Dorothy Eck (née Fritz; January 23, 1924 - September 23, 2017) was an American politician in the state of Montana. She served in the Montana Senate from 1980 to 2000. Eck was also active in feminist movements including the League of Women Voters and served as a delegate to the 1972 Montana Constitutional Convention.

==Life==
Born Dorothy Fritz on January 23, 1924, she grew up with two sisters in Bremerton, Washington, where their father was Union Oil station manager. In 1946, she married Hugo Eck, and they moved to Bozeman, Montana, where Hugo taught architecture. Eck received her MS in applied science from Montana State University. The couple had two children. Her daughter Diana Eck is a Harvard professor of comparative religion.

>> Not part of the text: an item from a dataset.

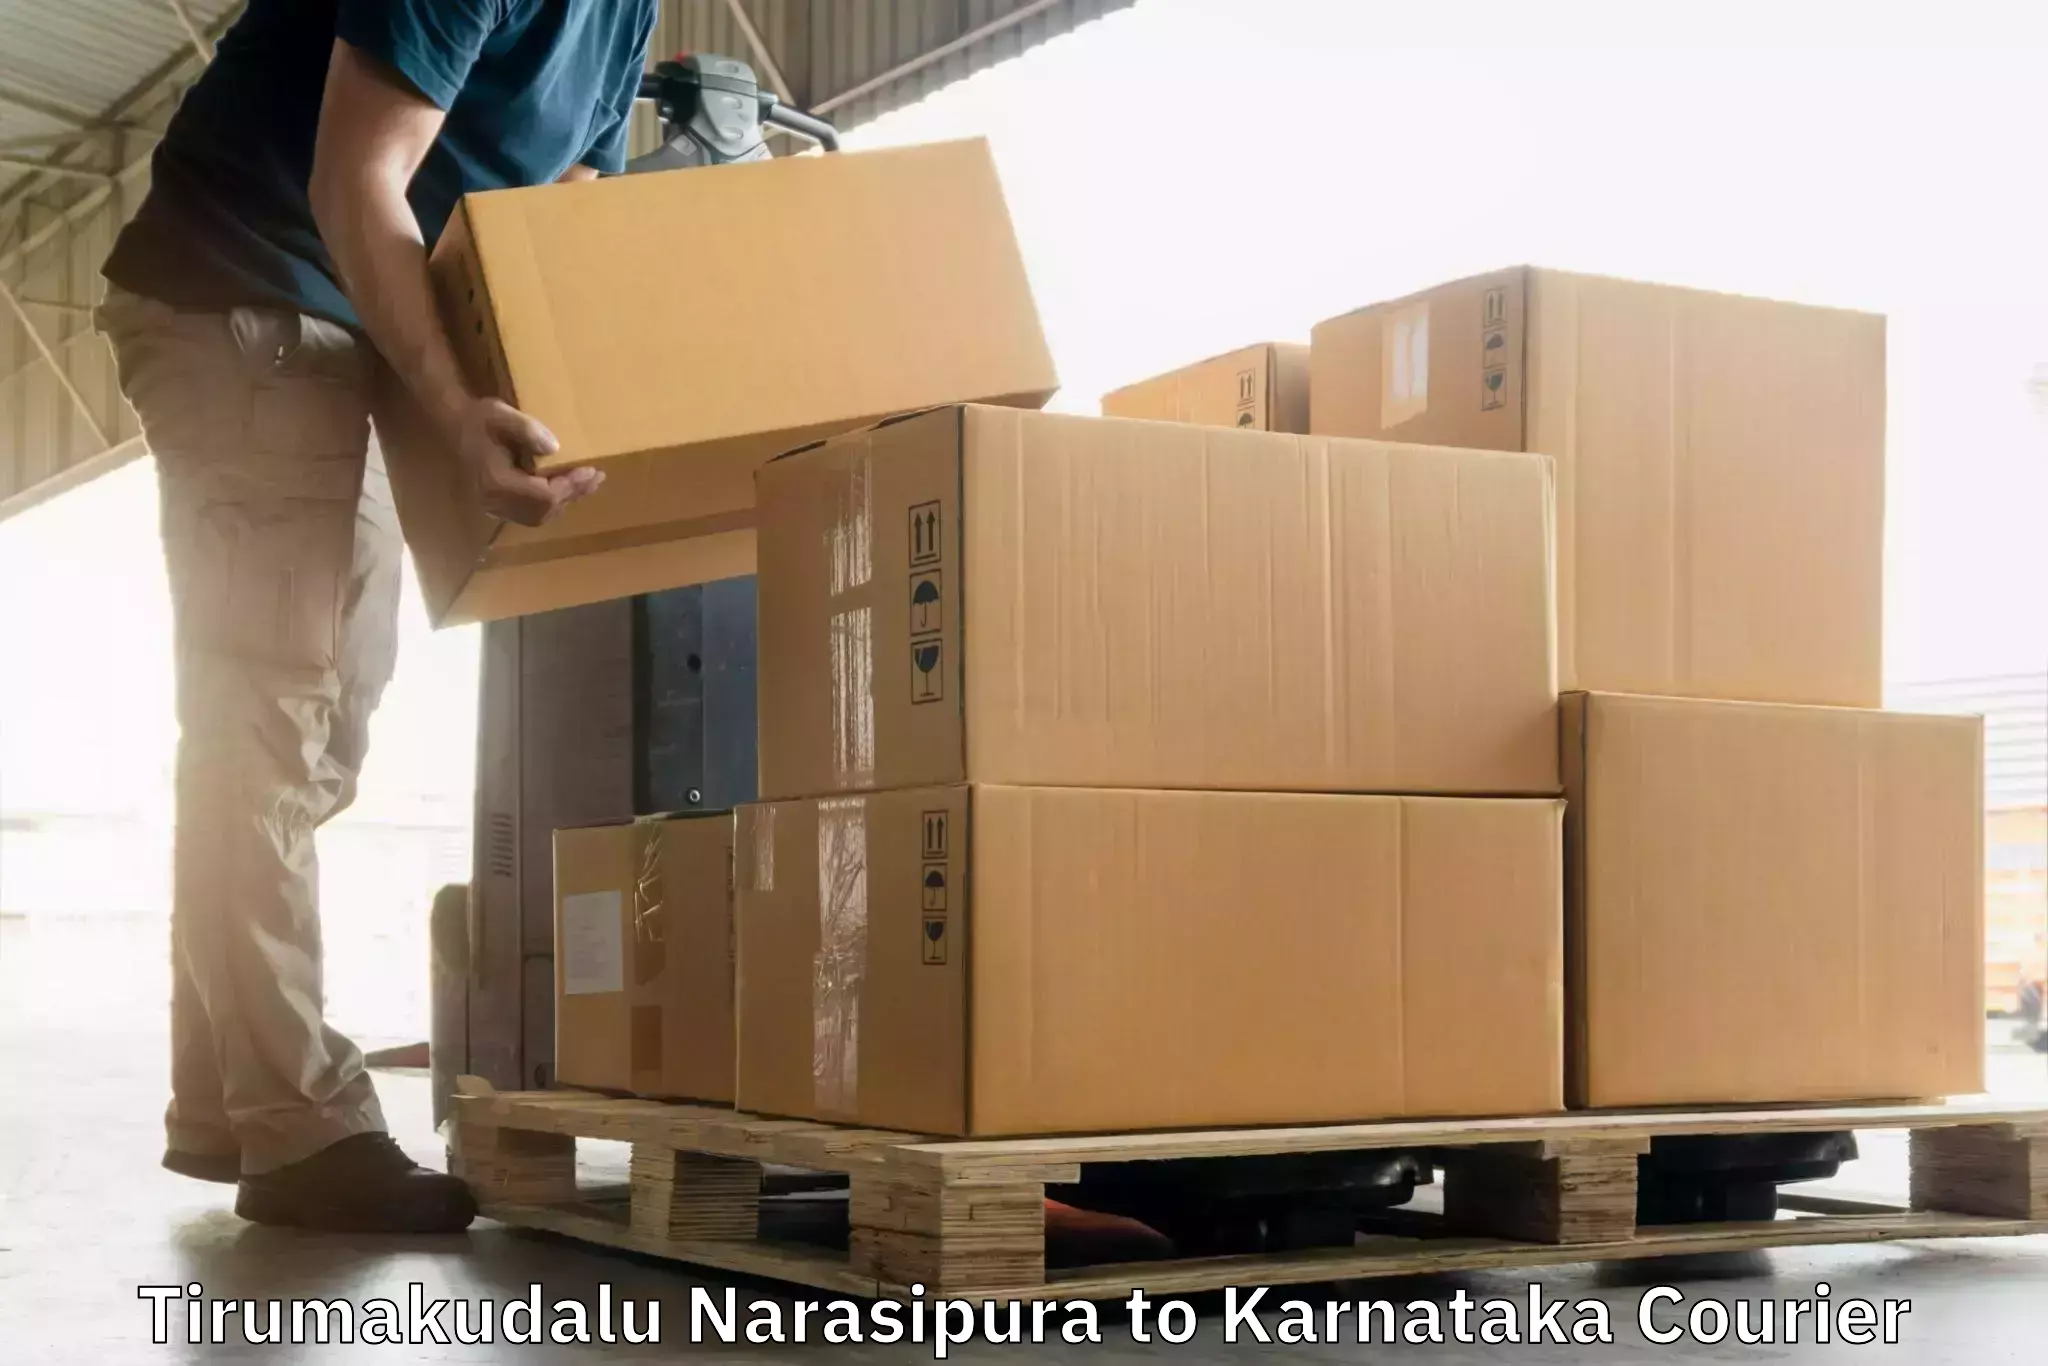 Custom courier packaging Tirumakudalu Narasipura to Karnataka

Eck became active in the Bozeman League of Women Voters and became state president of that organization. She was elected as a delegate to Montana's 1972 Constitutional Convention and served as the western vice chair. She championed articles protecting Montanans' right to privacy, equal rights for women, and Indian Education for All. After the convention, she traveled with fellow delegates Betty Lee Babcock and Daphne Bugbee on a campaign to convince voters to ratify the new constitution. Eck served as a Democrat in the Montana Senate from 1980 until 2000.

Eck died at her home in Bozeman on September 23, 2017.